El afán de estos incluyentes no consiste en transformar las condiciones sociales que crean semejantes aberraciones, sino en “armonizar la existencia del habitante de calle con el resto de la ciudadanía”. Su inclusión no estriba en nada distinto que en la perpetuación de un régimen en el que las mayorías tienen la “libertad” de debatirse en el hambre y en la desesperación, mientras que una ínfima minoría de potentados nacionales y extranjeros se regodea en la riqueza exorbitante. Tales son las realidades que nos llaman a armonizar, a aceptar que coexistan. Es el paraíso liberal, al que presentan como el máximo logro de la civilización.

Los famélicos se enfrentan a dos caras del régimen: la del garrote y los gases, la prisión y la “limpieza social” y la de los togados, magnánimos, que recitando doctrinas, parágrafos e incisos, les prometen permitirles hundirse democráticamente en la degradación.

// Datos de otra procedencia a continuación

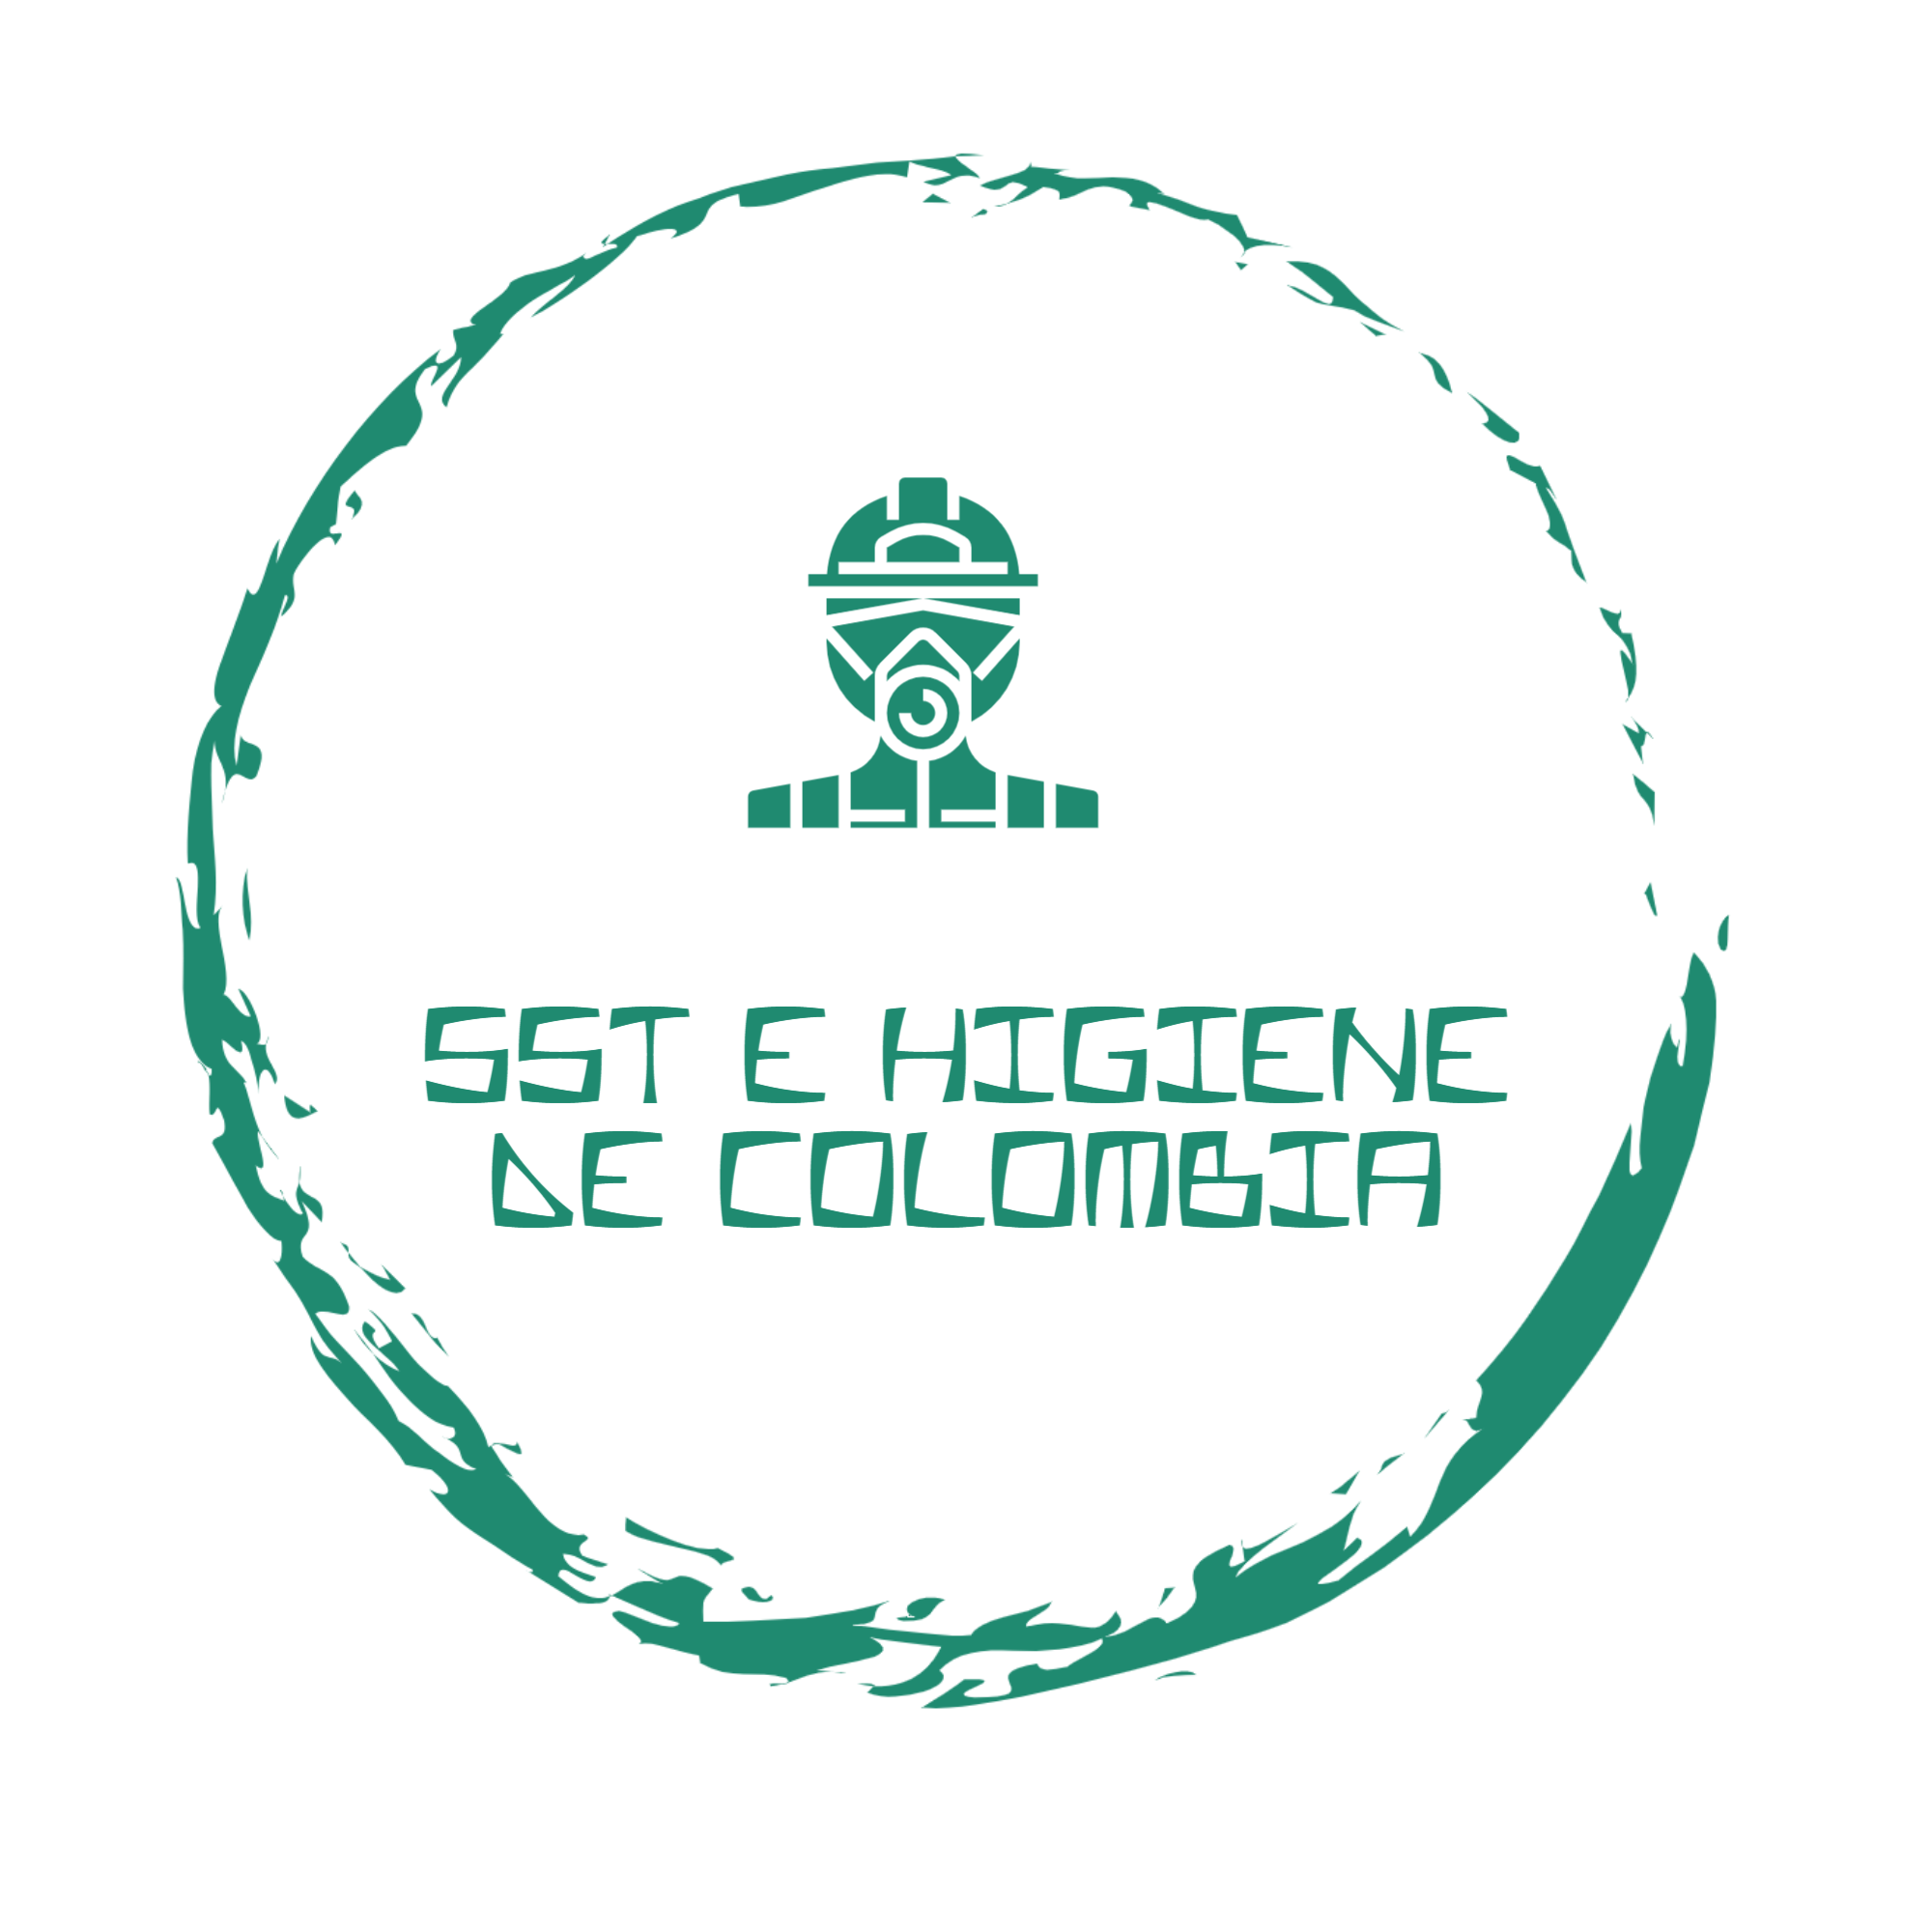 SST E HIGIENE DE COLOMBIA

Ninguna de las dos soluciones son aceptables para las mayorías; estas necesitan cambiar de base la sociedad para que nadie tenga que vivir en la indigencia, para que las niñas no se vean obligadas a prostituirse, para que el vicio no haya de ser la puerta de escape ante la vida inmisericorde, sino que el disfrute de la vida haga innecesario el vicio. No defendamos el “derecho” a la miseria, a la falta de techo, de pan, de higiene y salud; batallemos por el derecho efectivo de todos al goce de la libertad y el bienestar.